THE PROBLEM =>
Only one stretch of the records below should be repeated. It starts with the line containing "Sagan om drakens" and goes on through the line containing "Lot 63 Bedroom", exactly as written.

[Collected data]
.....
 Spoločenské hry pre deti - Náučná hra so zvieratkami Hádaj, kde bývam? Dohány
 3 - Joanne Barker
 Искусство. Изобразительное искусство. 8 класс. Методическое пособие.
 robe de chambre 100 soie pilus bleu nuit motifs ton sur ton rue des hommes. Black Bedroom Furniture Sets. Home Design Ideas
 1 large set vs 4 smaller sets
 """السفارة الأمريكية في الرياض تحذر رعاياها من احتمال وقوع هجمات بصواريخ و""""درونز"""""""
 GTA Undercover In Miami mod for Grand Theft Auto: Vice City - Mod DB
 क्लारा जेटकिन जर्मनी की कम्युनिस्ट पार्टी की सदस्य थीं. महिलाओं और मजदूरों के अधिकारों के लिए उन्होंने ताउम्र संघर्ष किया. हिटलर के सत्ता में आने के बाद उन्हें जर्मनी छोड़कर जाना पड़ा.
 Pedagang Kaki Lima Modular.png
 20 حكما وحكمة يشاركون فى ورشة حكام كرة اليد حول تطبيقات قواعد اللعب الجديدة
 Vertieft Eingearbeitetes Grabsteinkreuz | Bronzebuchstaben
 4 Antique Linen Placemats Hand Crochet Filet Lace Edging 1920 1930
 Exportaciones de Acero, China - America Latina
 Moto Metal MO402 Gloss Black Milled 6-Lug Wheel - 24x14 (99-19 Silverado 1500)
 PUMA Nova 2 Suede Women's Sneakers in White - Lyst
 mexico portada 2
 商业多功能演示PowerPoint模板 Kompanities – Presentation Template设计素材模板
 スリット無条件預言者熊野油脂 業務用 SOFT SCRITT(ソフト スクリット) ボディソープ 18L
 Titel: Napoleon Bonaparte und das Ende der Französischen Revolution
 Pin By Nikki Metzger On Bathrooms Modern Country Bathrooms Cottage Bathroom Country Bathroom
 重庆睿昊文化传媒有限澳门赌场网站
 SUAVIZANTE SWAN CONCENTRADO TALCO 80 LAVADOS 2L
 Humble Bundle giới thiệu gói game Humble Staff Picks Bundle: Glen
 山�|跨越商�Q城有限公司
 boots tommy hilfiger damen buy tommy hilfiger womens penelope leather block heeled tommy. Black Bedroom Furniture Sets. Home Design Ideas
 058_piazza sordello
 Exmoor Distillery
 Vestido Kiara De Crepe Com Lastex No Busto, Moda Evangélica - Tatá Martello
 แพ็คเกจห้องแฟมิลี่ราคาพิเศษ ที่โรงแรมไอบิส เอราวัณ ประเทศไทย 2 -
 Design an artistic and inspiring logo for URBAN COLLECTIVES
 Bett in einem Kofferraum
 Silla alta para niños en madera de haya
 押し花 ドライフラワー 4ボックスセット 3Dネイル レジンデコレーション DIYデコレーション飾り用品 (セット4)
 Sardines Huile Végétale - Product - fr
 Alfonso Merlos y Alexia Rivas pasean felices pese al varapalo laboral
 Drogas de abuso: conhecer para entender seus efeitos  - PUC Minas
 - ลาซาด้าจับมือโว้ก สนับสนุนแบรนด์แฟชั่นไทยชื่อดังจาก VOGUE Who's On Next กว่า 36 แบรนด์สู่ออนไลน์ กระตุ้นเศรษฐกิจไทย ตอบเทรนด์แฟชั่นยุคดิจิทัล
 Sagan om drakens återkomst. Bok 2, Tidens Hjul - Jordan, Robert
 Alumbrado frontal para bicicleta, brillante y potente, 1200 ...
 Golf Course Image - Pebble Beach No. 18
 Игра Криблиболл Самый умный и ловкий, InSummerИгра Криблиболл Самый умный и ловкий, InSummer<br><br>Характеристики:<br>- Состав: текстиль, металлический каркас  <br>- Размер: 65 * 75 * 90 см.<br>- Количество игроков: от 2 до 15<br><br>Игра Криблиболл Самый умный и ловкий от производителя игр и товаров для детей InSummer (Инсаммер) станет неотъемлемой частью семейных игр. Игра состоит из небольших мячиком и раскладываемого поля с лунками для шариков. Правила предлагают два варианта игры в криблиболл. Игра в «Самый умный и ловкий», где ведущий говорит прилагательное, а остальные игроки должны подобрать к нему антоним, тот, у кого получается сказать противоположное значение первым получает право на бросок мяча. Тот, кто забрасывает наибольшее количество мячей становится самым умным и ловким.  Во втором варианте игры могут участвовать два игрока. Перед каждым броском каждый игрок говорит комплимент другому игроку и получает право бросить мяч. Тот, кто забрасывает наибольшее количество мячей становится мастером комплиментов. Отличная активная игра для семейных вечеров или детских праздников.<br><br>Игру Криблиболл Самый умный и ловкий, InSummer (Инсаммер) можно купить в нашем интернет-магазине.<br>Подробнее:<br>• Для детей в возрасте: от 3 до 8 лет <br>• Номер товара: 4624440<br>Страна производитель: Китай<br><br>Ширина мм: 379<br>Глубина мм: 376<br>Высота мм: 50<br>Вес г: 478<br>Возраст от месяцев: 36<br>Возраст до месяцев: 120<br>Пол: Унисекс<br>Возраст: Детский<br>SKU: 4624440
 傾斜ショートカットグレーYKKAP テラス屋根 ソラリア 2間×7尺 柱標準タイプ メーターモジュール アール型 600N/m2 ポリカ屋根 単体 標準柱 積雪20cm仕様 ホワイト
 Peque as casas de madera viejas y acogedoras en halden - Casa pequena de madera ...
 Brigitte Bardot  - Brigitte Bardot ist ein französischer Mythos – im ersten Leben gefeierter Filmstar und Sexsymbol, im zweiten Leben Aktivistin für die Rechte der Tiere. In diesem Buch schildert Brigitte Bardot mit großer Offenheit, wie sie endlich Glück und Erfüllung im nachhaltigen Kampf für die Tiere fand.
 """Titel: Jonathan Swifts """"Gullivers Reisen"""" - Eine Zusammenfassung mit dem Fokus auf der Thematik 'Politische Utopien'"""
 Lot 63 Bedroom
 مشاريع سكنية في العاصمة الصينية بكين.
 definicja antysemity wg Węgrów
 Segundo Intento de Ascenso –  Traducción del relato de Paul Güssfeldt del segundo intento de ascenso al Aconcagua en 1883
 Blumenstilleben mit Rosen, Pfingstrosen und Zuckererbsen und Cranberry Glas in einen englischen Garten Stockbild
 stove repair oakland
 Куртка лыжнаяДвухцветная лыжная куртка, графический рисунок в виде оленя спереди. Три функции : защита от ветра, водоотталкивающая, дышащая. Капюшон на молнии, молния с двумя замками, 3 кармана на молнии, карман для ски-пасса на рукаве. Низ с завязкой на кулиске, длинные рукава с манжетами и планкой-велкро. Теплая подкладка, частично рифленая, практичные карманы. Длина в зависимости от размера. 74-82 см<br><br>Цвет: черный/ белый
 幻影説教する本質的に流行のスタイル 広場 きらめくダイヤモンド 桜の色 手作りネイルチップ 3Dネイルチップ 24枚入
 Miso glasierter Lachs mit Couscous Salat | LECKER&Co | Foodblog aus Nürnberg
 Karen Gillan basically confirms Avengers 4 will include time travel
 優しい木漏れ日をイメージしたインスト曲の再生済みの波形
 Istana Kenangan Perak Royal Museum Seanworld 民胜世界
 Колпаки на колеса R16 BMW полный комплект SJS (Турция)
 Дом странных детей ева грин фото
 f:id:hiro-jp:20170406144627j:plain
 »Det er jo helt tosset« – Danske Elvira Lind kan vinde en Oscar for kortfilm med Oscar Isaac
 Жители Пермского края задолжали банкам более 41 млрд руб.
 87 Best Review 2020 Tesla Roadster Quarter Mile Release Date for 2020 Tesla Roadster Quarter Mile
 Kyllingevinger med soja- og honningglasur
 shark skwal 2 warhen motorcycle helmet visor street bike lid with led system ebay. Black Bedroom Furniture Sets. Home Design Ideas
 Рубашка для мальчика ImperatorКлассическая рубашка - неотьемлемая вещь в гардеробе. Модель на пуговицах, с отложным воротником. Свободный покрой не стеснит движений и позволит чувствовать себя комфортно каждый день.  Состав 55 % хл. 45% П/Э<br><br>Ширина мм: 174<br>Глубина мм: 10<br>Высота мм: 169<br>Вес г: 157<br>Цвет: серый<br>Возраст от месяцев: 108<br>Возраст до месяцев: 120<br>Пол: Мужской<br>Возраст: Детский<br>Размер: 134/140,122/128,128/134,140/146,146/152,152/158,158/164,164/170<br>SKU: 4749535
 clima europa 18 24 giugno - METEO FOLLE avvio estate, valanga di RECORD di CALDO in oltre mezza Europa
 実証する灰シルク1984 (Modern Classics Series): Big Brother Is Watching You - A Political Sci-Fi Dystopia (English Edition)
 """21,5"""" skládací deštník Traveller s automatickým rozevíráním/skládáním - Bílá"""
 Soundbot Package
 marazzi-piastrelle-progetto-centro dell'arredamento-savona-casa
.....
RESULT FOR THIS TASK =>
 Sagan om drakens återkomst. Bok 2, Tidens Hjul - Jordan, Robert
 Alumbrado frontal para bicicleta, brillante y potente, 1200 ...
 Golf Course Image - Pebble Beach No. 18
 Игра Криблиболл Самый умный и ловкий, InSummerИгра Криблиболл Самый умный и ловкий, InSummer<br><br>Характеристики:<br>- Состав: текстиль, металлический каркас  <br>- Размер: 65 * 75 * 90 см.<br>- Количество игроков: от 2 до 15<br><br>Игра Криблиболл Самый умный и ловкий от производителя игр и товаров для детей InSummer (Инсаммер) станет неотъемлемой частью семейных игр. Игра состоит из небольших мячиком и раскладываемого поля с лунками для шариков. Правила предлагают два варианта игры в криблиболл. Игра в «Самый умный и ловкий», где ведущий говорит прилагательное, а остальные игроки должны подобрать к нему антоним, тот, у кого получается сказать противоположное значение первым получает право на бросок мяча. Тот, кто забрасывает наибольшее количество мячей становится самым умным и ловким.  Во втором варианте игры могут участвовать два игрока. Перед каждым броском каждый игрок говорит комплимент другому игроку и получает право бросить мяч. Тот, кто забрасывает наибольшее количество мячей становится мастером комплиментов. Отличная активная игра для семейных вечеров или детских праздников.<br><br>Игру Криблиболл Самый умный и ловкий, InSummer (Инсаммер) можно купить в нашем интернет-магазине.<br>Подробнее:<br>• Для детей в возрасте: от 3 до 8 лет <br>• Номер товара: 4624440<br>Страна производитель: Китай<br><br>Ширина мм: 379<br>Глубина мм: 376<br>Высота мм: 50<br>Вес г: 478<br>Возраст от месяцев: 36<br>Возраст до месяцев: 120<br>Пол: Унисекс<br>Возраст: Детский<br>SKU: 4624440
 傾斜ショートカットグレーYKKAP テラス屋根 ソラリア 2間×7尺 柱標準タイプ メーターモジュール アール型 600N/m2 ポリカ屋根 単体 標準柱 積雪20cm仕様 ホワイト
 Peque as casas de madera viejas y acogedoras en halden - Casa pequena de madera ...
 Brigitte Bardot  - Brigitte Bardot ist ein französischer Mythos – im ersten Leben gefeierter Filmstar und Sexsymbol, im zweiten Leben Aktivistin für die Rechte der Tiere. In diesem Buch schildert Brigitte Bardot mit großer Offenheit, wie sie endlich Glück und Erfüllung im nachhaltigen Kampf für die Tiere fand.
 """Titel: Jonathan Swifts """"Gullivers Reisen"""" - Eine Zusammenfassung mit dem Fokus auf der Thematik 'Politische Utopien'"""
 Lot 63 Bedroom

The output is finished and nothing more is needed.